En las últimas dos décadas se han multiplicado agrupaciones que todavía los especialistas no se ponen de acuerdo en cómo llamar. Algunos les denominan neoevangélicos, otros más paraevangélicos, no faltan quienes se refieren a ellos como neopentecostales y/o neocarismáticos. Sus reuniones, que son masivas, se caracterizan por manifestaciones de emotividad, música marcadamente rítmica e interpretada por una banda de calidad profesional. Los expositores, que en varios de tales grupos les llaman conferencistas, son buenos contando relatos y echan mano del humor, o de arengas para motivar a la audiencia.

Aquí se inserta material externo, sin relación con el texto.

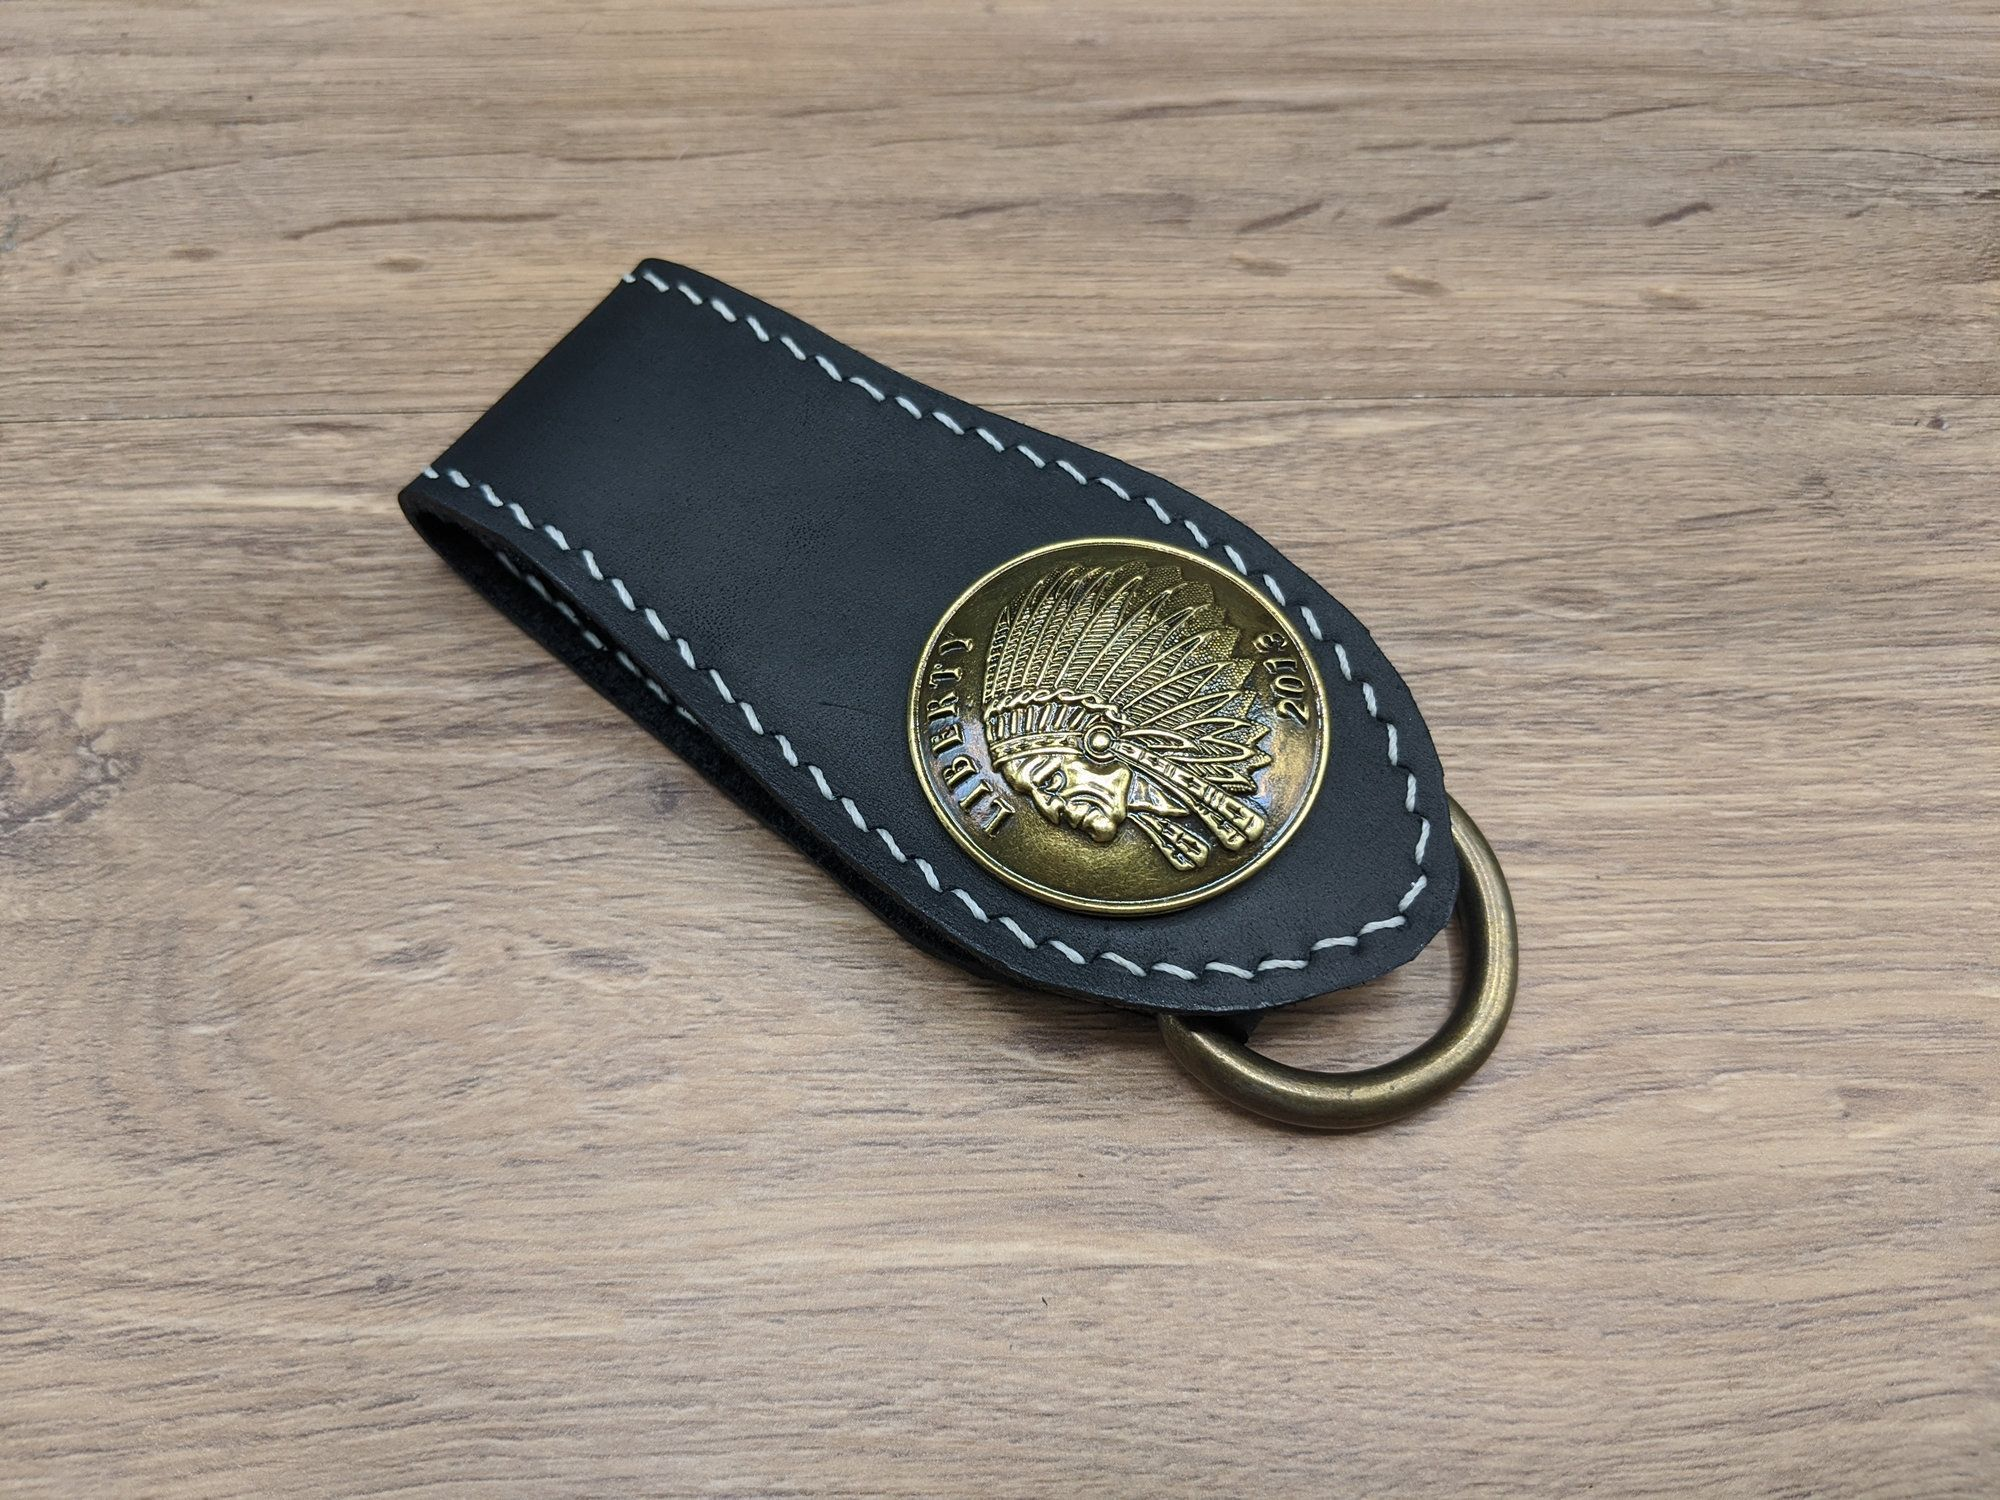 Indian Belt Loop Key Chain Skull Cowhide Leather Wallet

Lo anterior no implica un juicio de valor sobre las prácticas mencionadas, sino que intento describir los énfasis de los organismos que prefieren denominarse a sí mismos nada más como cristianos. Desde su perspectiva, lo que hacen es restituir el
ethos del cristianismo primitivo, marginando los entendimientos y las prácticas históricas que otros cristianos han tenido del mismo periodo.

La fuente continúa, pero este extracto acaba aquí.